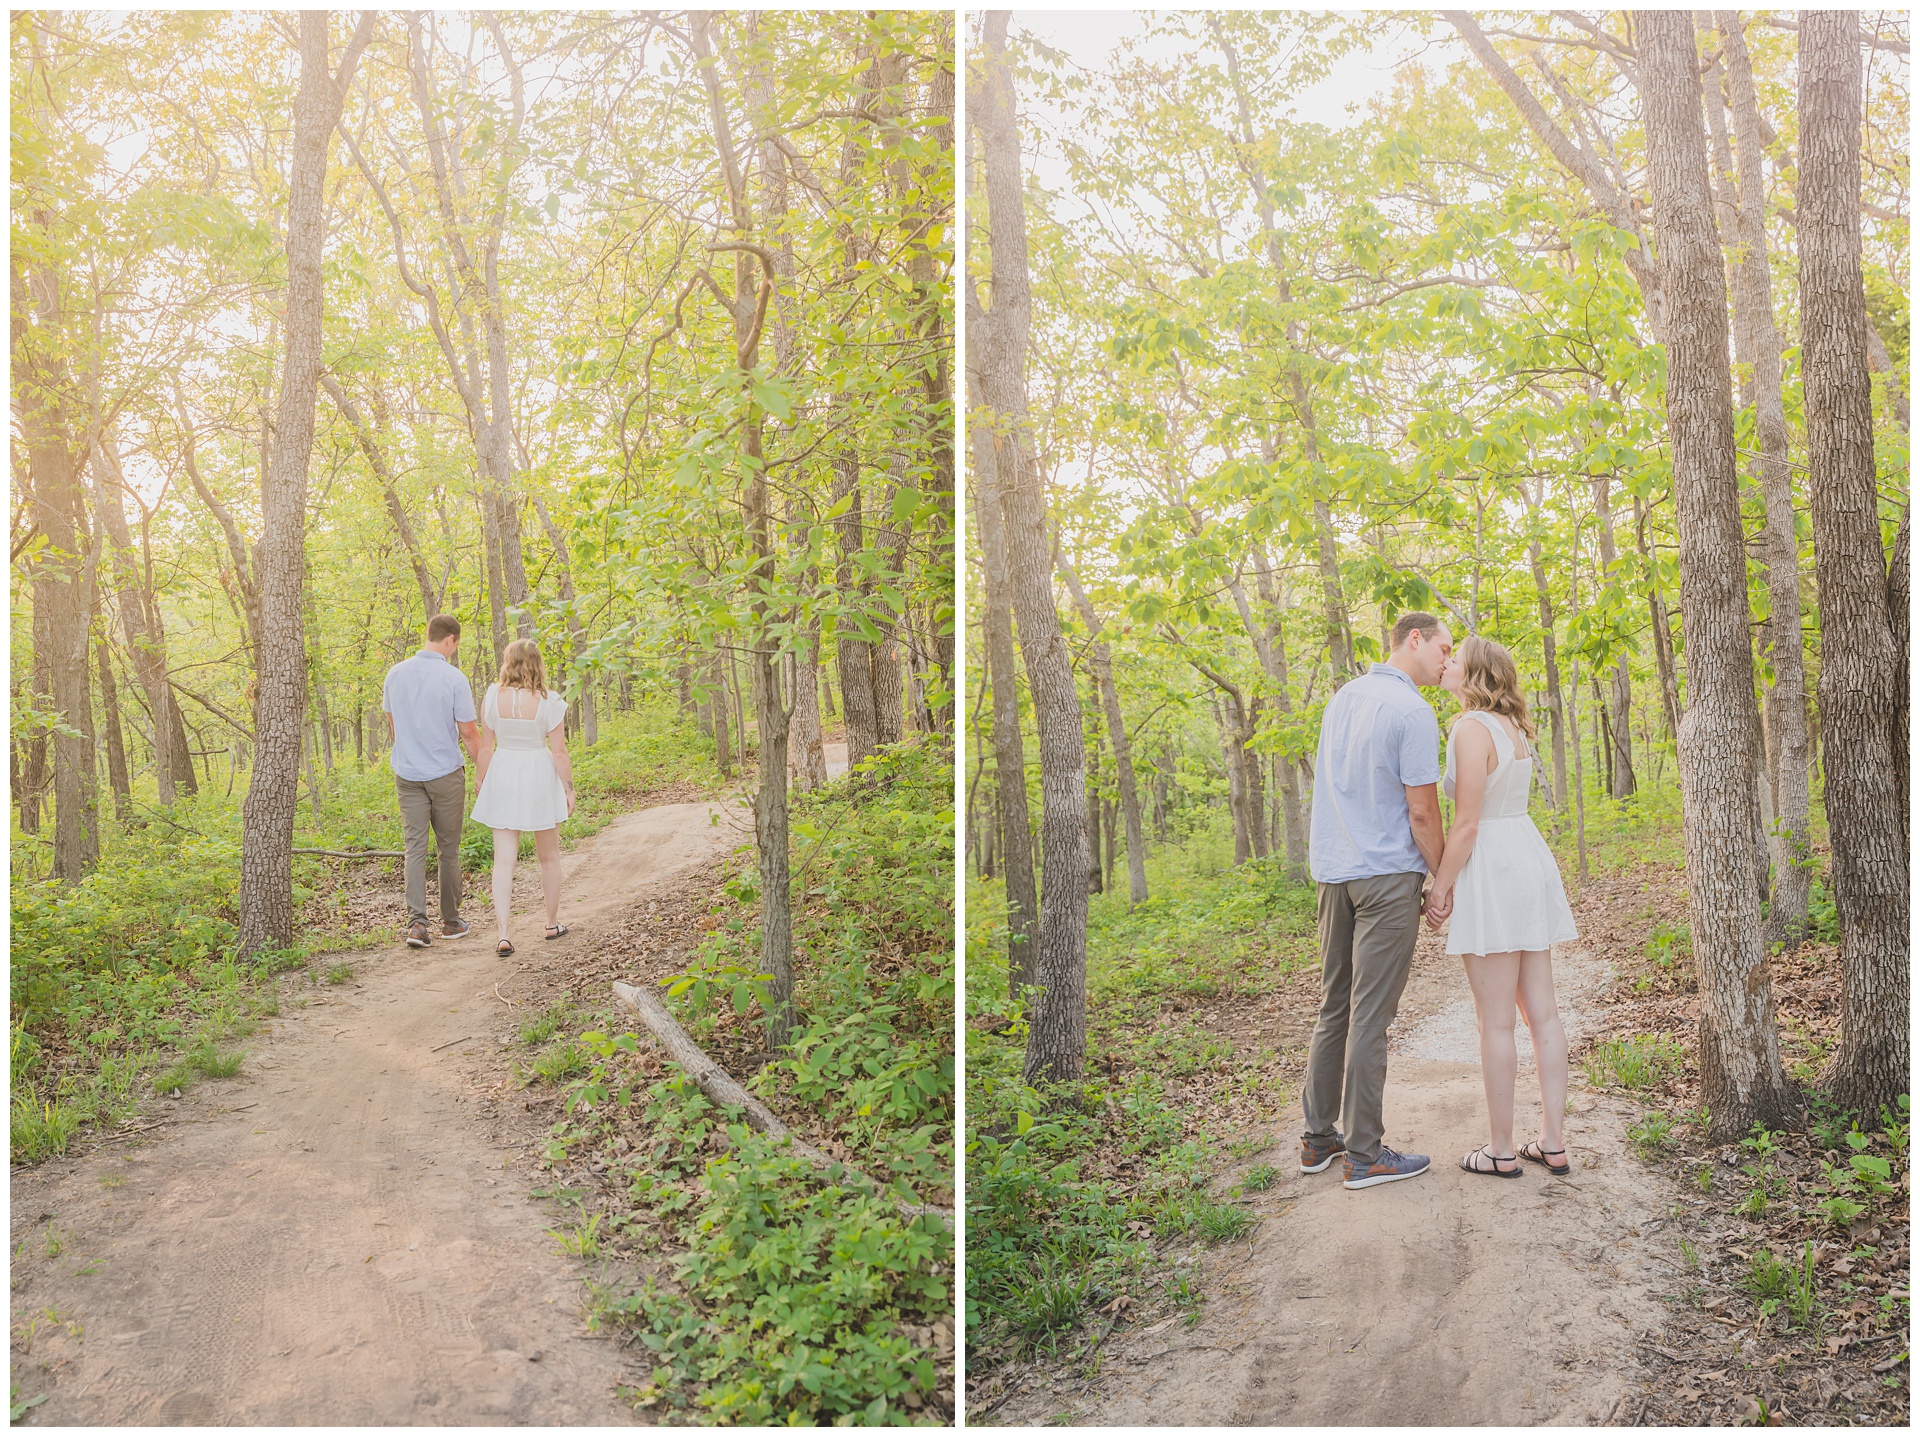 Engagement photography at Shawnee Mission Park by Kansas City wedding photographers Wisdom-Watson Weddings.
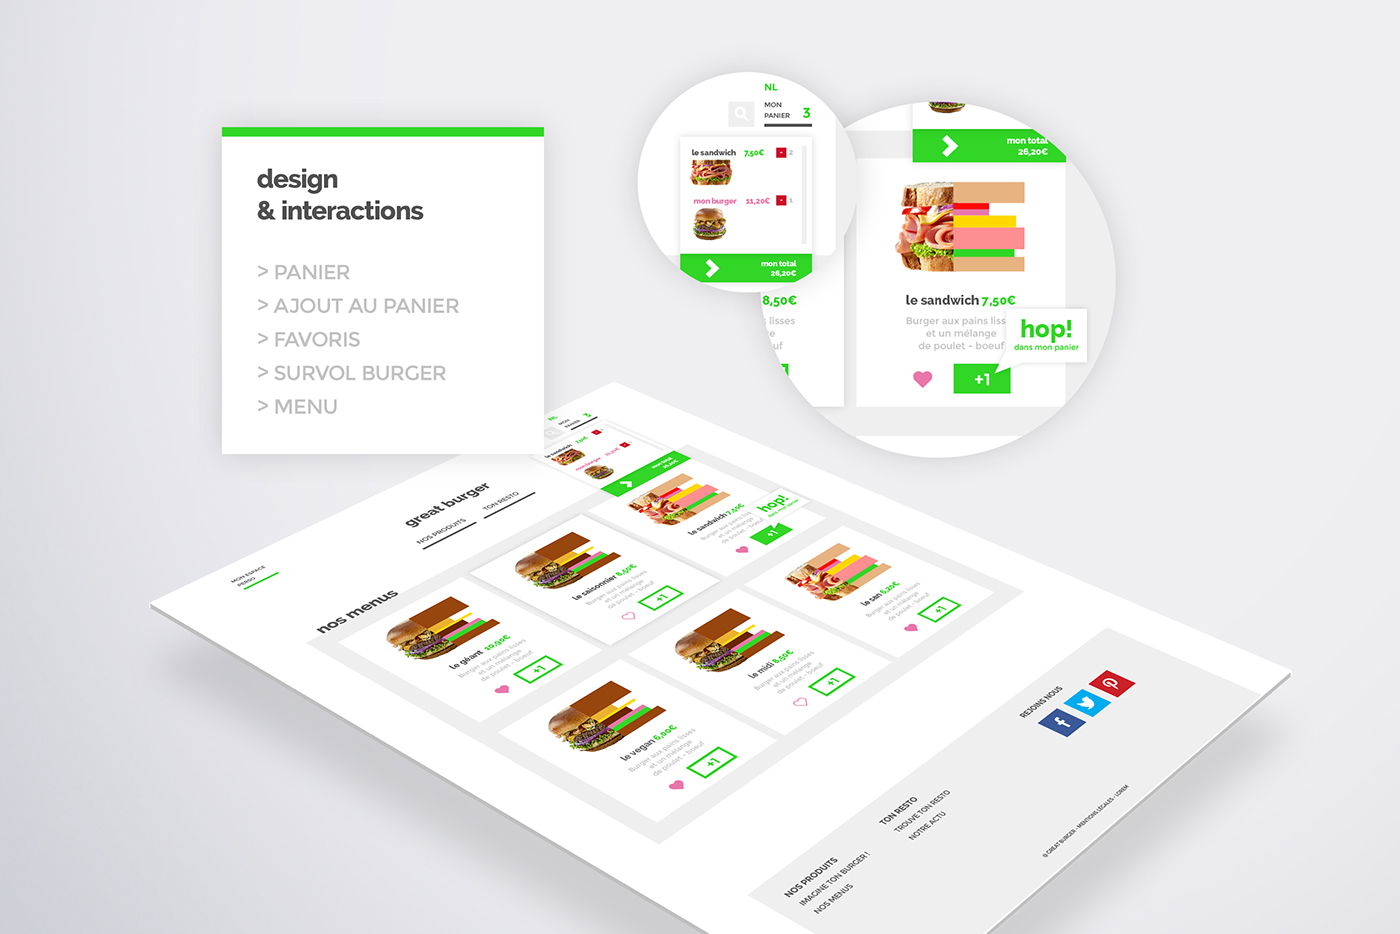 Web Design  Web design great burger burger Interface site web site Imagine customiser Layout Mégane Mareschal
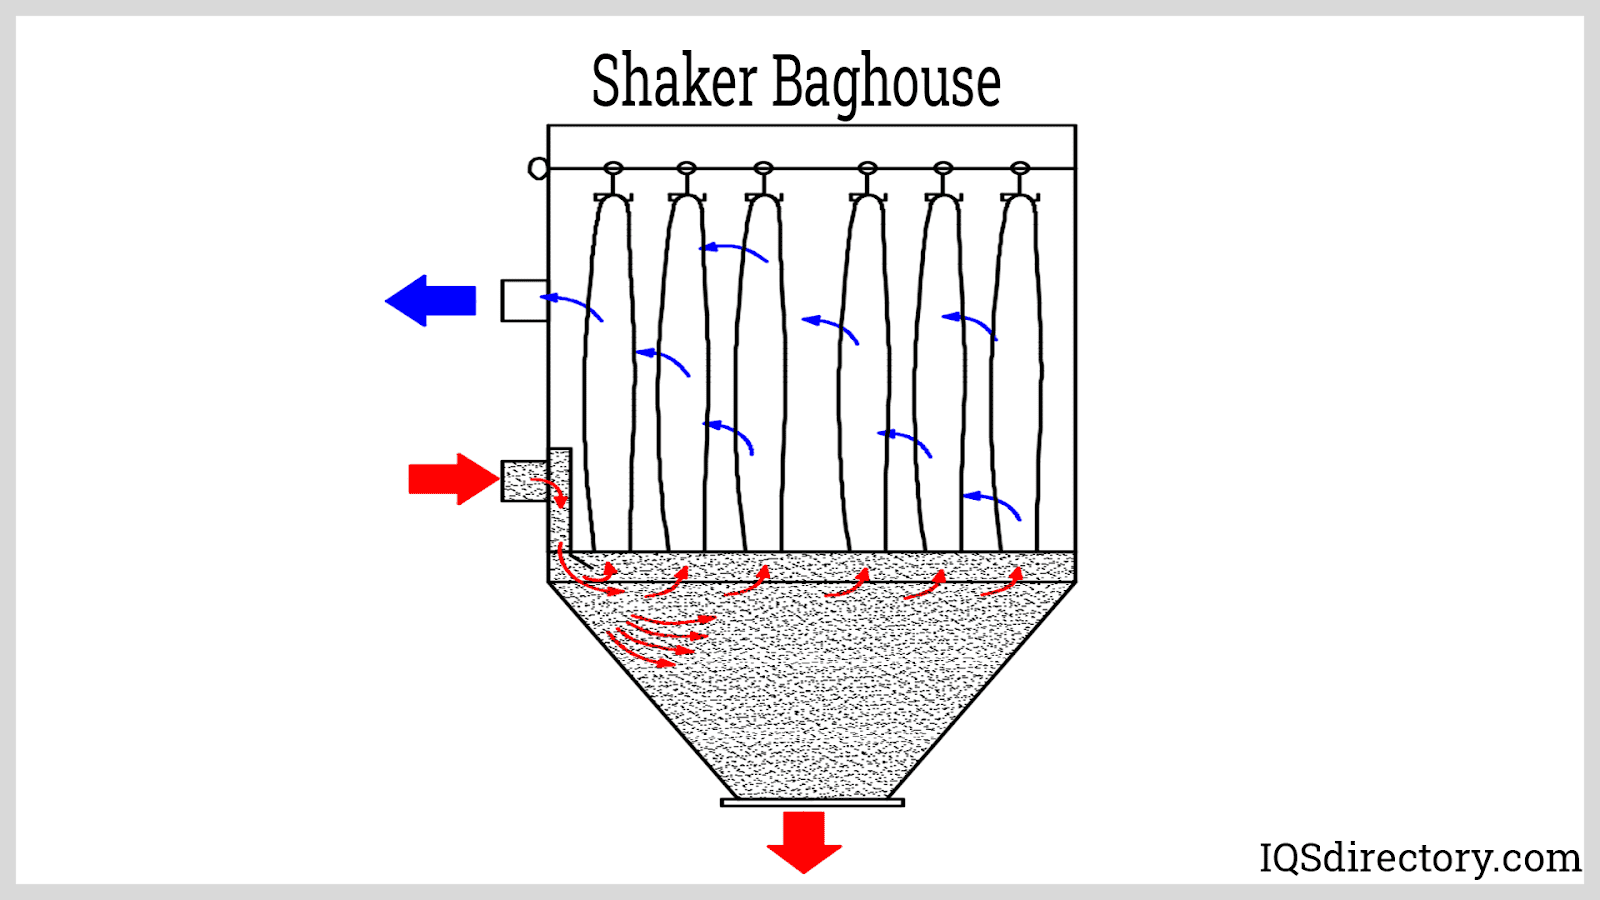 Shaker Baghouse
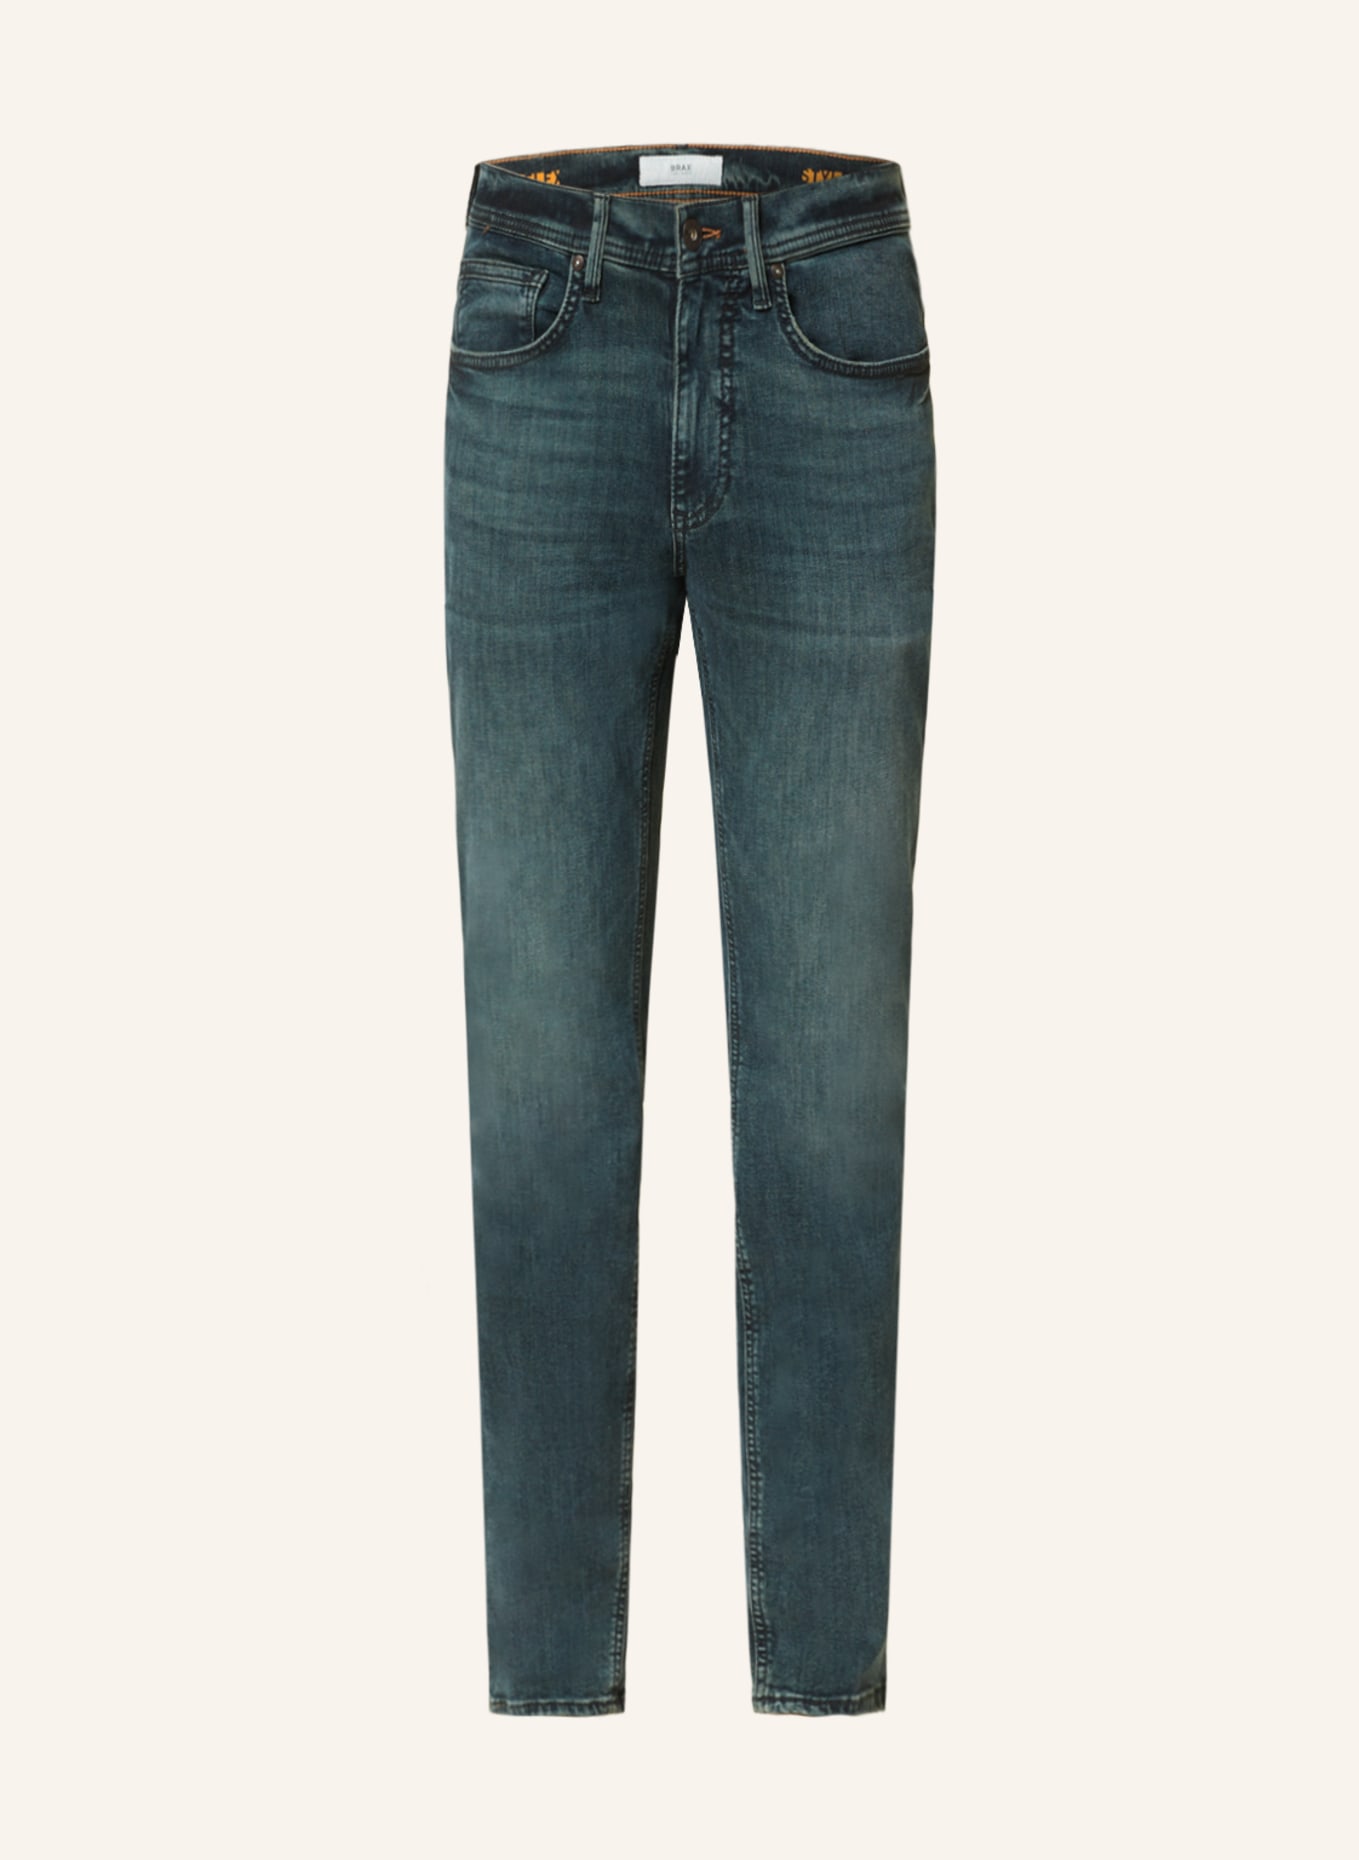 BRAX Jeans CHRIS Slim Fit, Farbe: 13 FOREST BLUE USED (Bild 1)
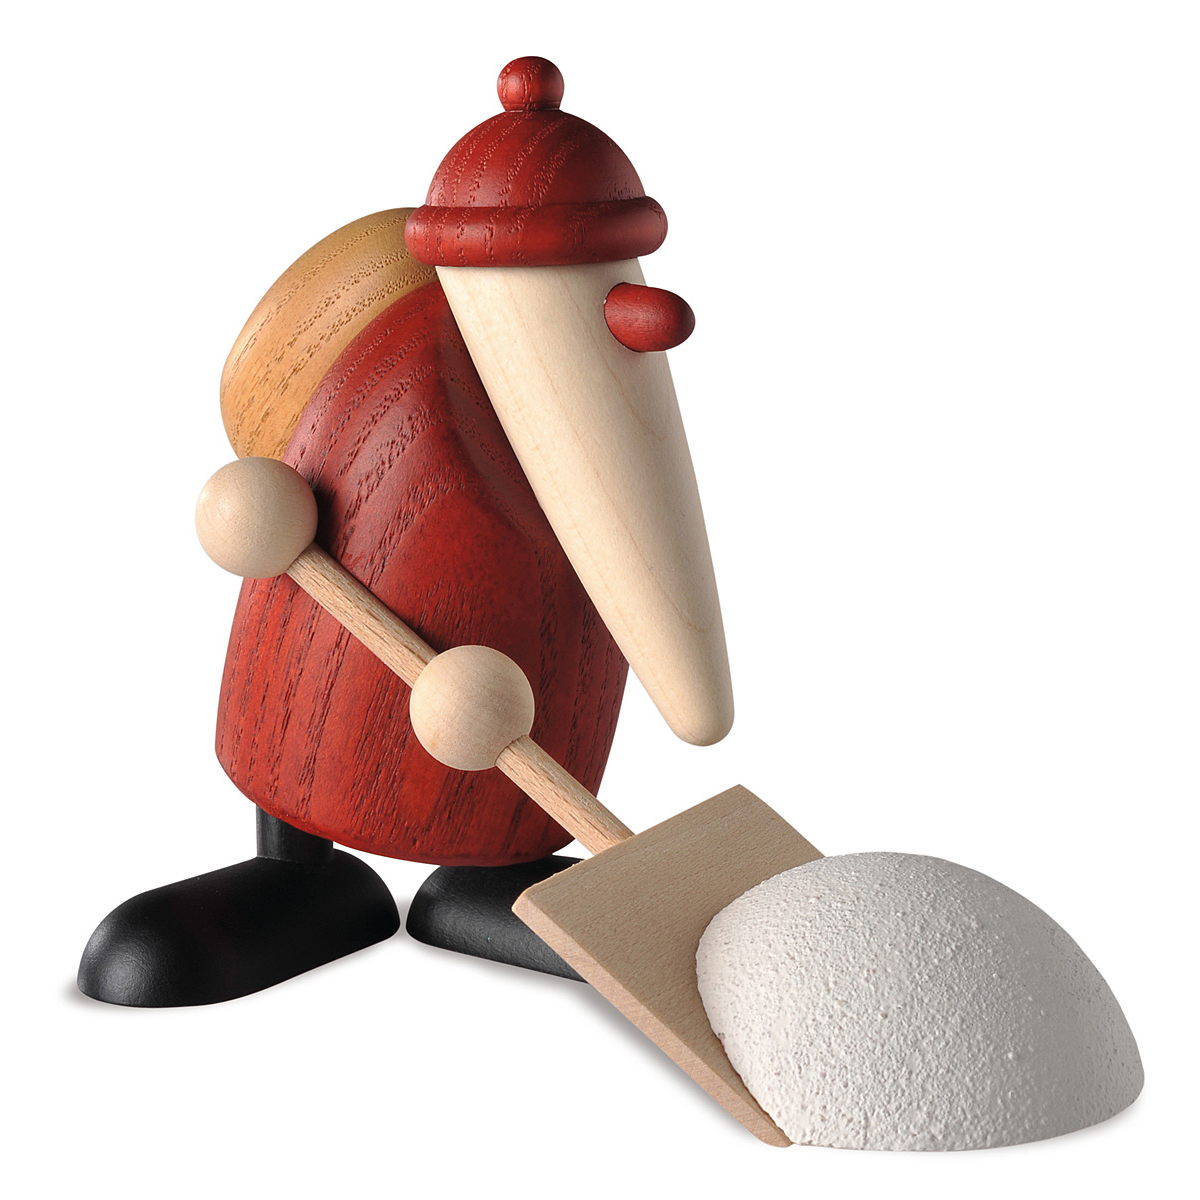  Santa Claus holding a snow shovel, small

○ ○ ○

> **How to complete this task**
What is needed is a word-for-word repeat of every line from the line with "BRAX Jeans CHRIS" to the end of the entries above; leave out the pictures.

> **Exercise result**
 BRAX Jeans CHRIS Slim Fit, Farbe: 13 FOREST BLUE USED (Bild 1)
  Santa Claus holding a snow shovel, small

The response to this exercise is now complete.